_Data shown_
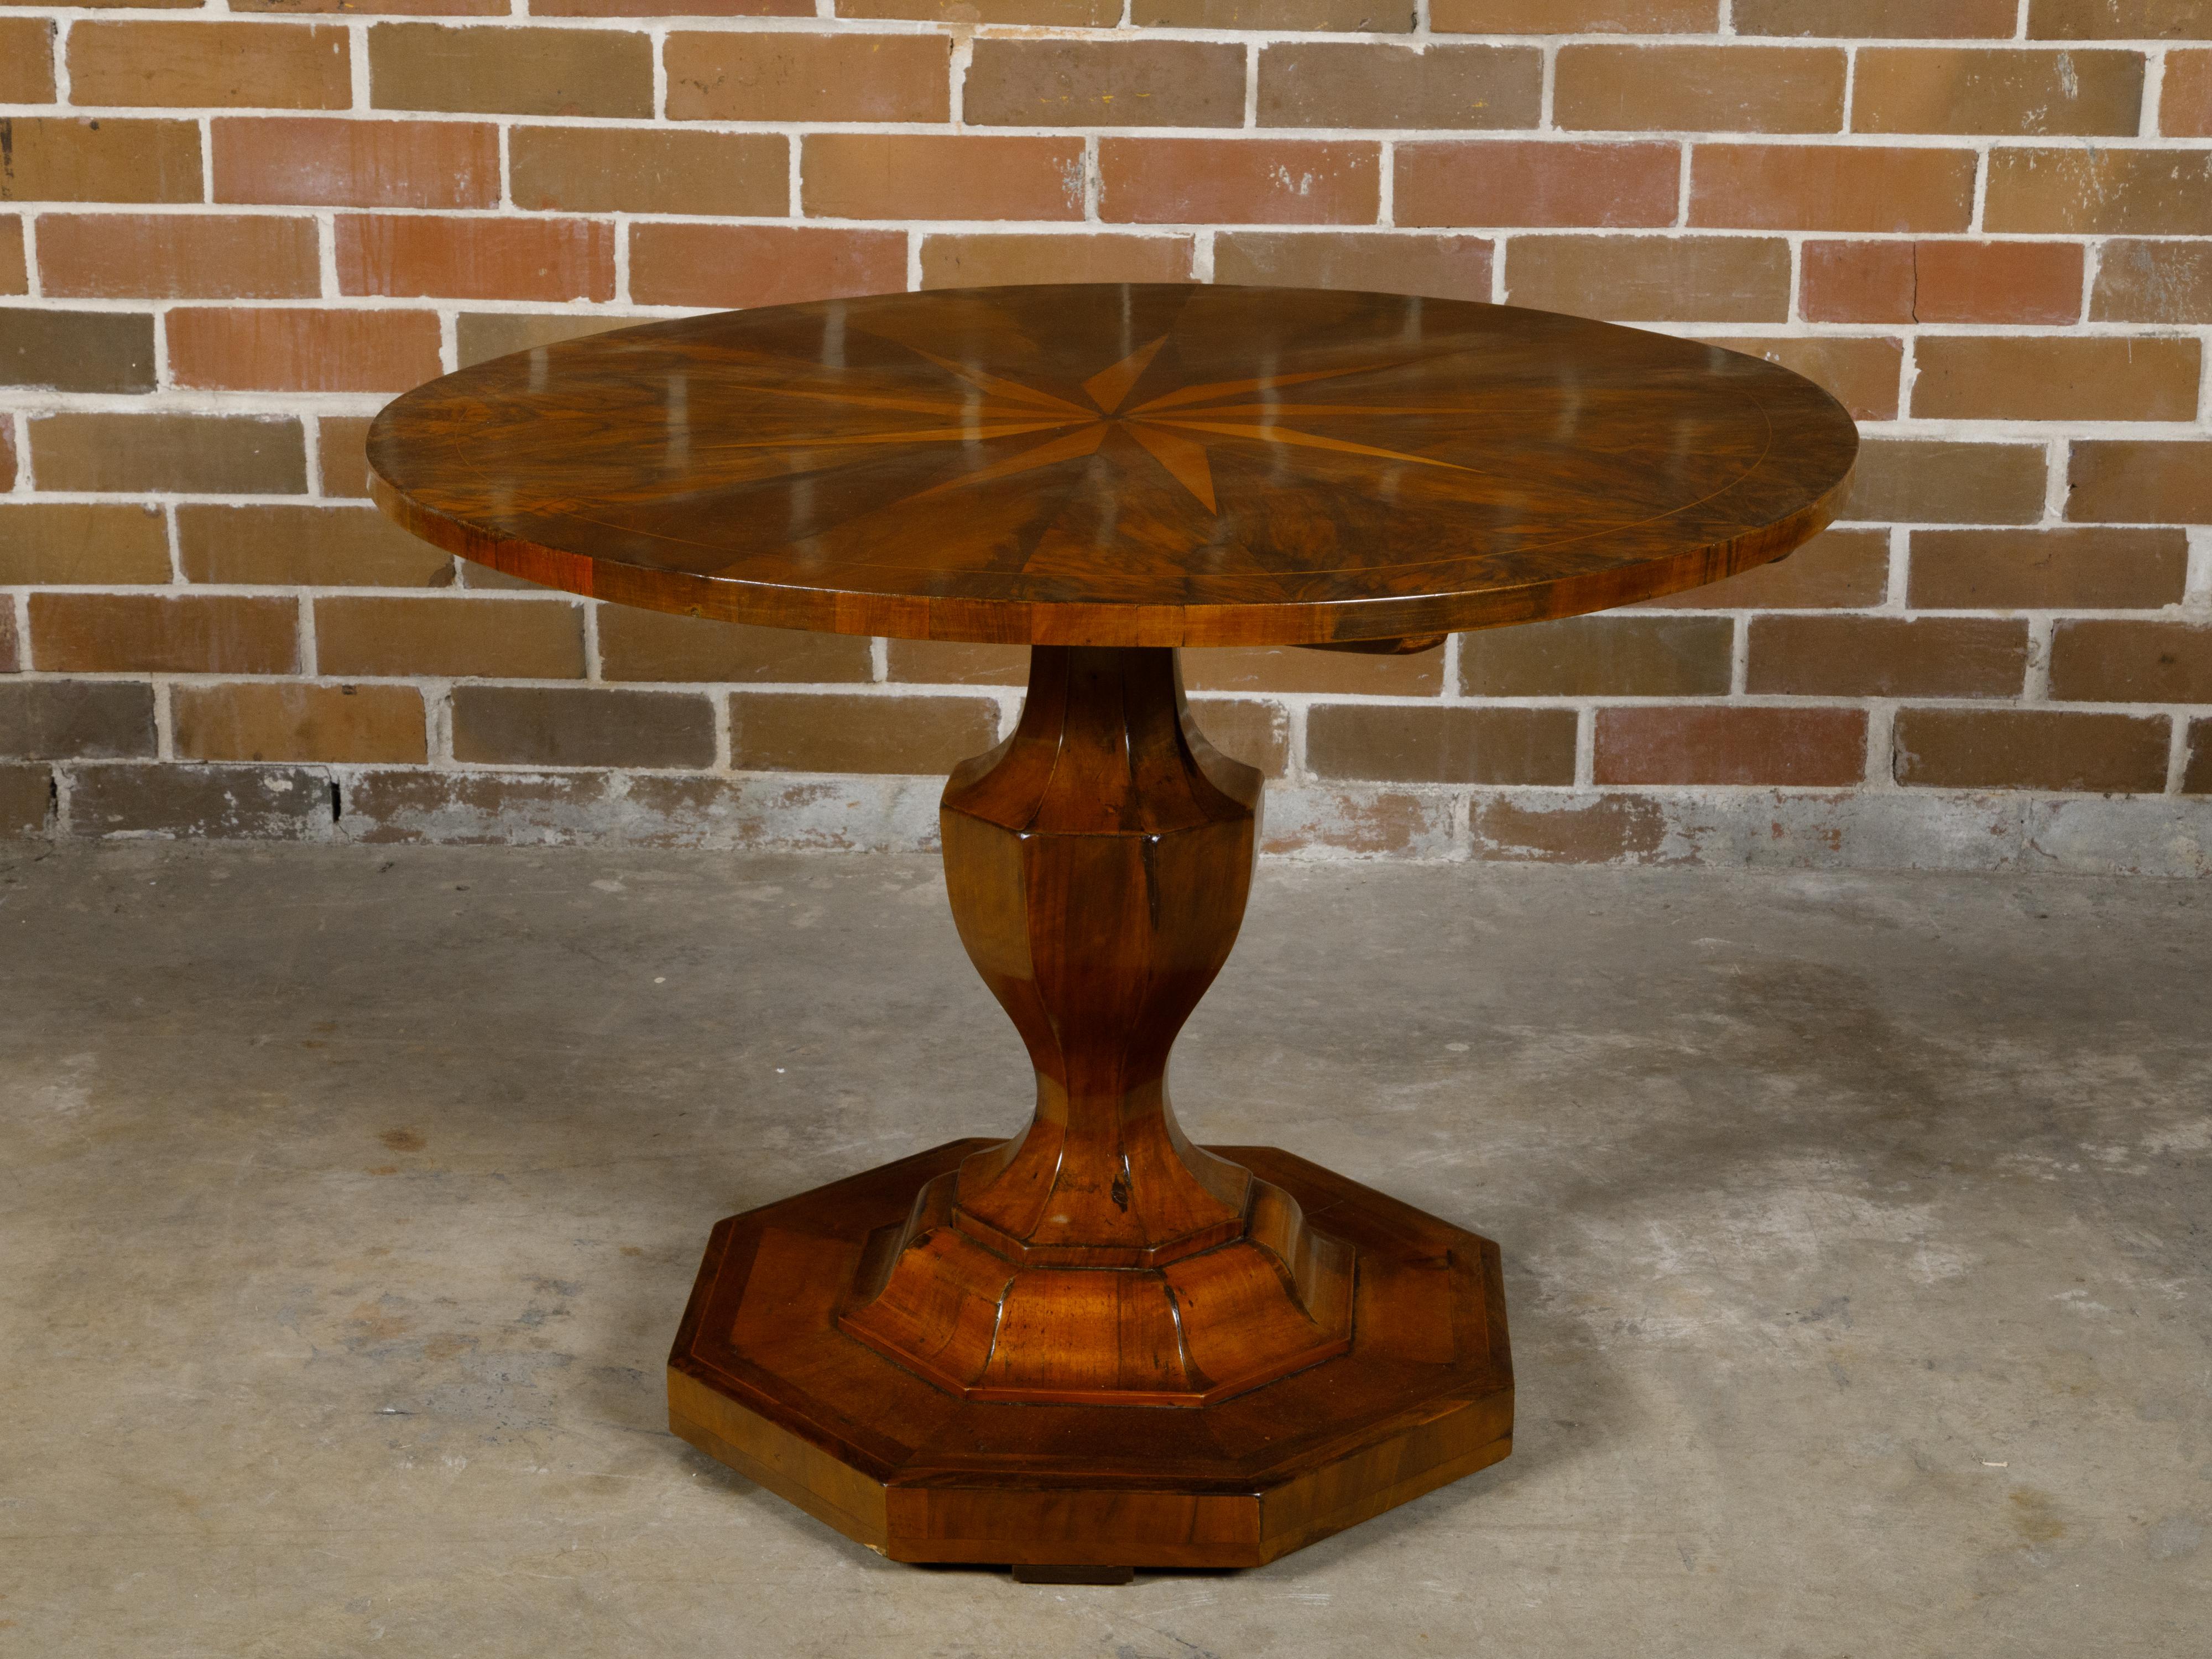 A Biedermeier period walnut center table from the 19th century with circular marquetry top, radiating motifs and pedestal base. This 19th-century Biedermeier period walnut center table is a masterpiece of design and craftsmanship, blending the
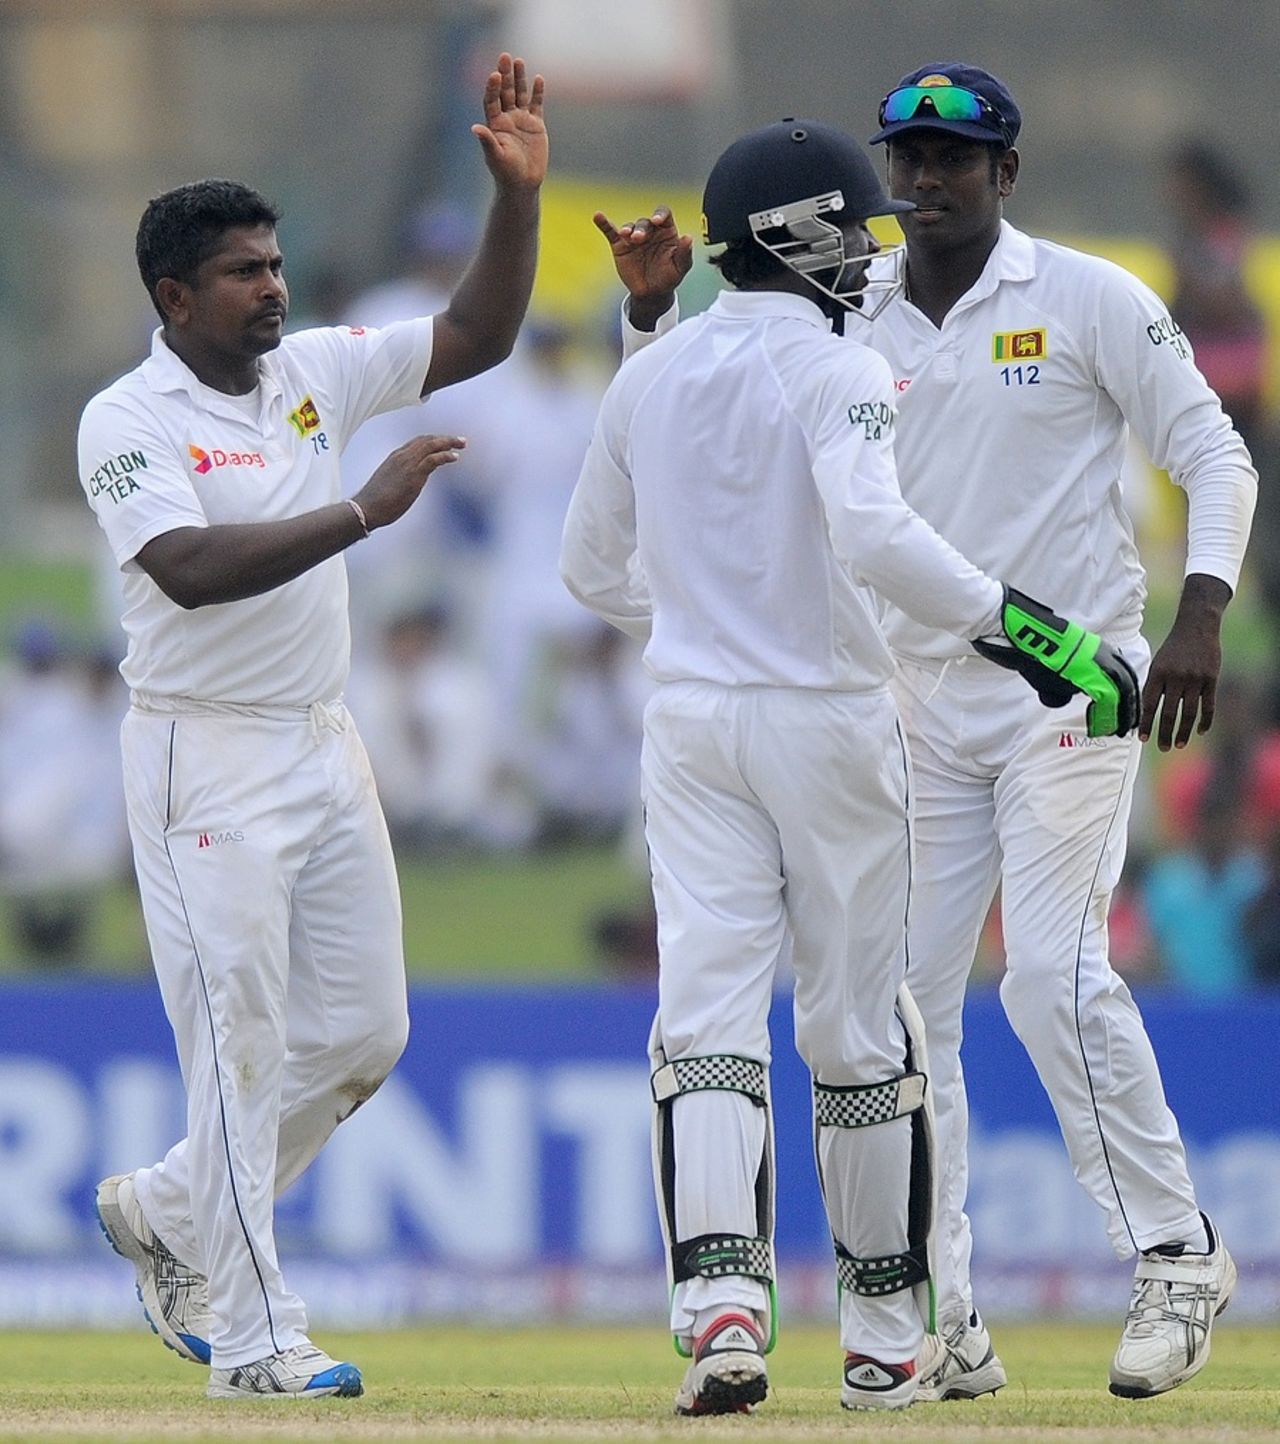 Rangana Herath removed Misbah-ul-Haq with a beauty, Sri Lanka v Pakistan, 1st Test, Galle, 1st day, August 6, 2014
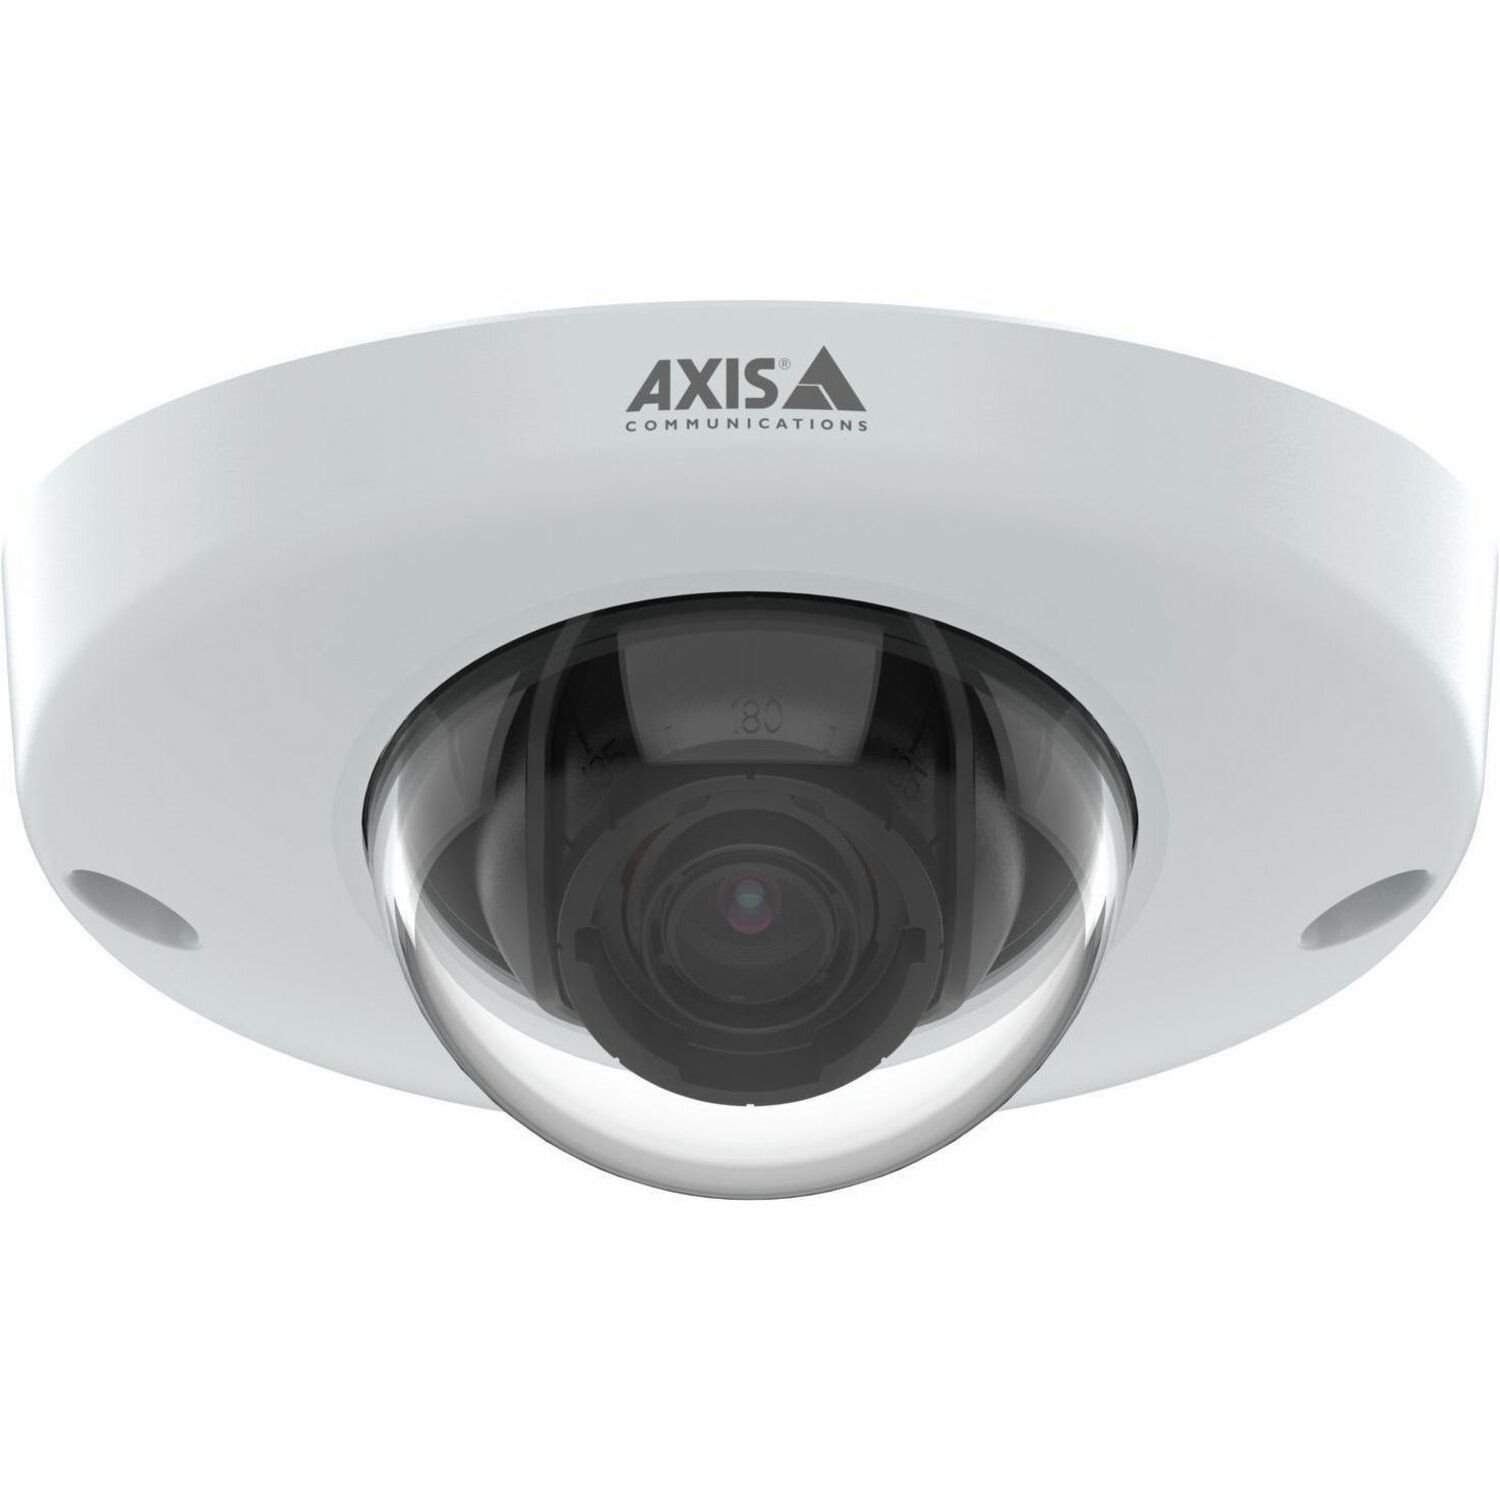 AXIS WizMind M3905-R 2 Megapixel Outdoor Full HD Network Camera - Colour - Dome - TAA Compliant

_Action item_
Lines from the start of the material through the line containing "Rangana Herath removed" are to be restated word for word; no picture may be included.

_Solution to the problem_
 A Biedermeier period walnut center table from the 19th century with circular marquetry top, radiating motifs and pedestal base. This 19th-century Biedermeier period walnut center table is a masterpiece of design and craftsmanship, blending the
 Rangana Herath removed Misbah-ul-Haq with a beauty, Sri Lanka v Pakistan, 1st Test, Galle, 1st day, August 6, 2014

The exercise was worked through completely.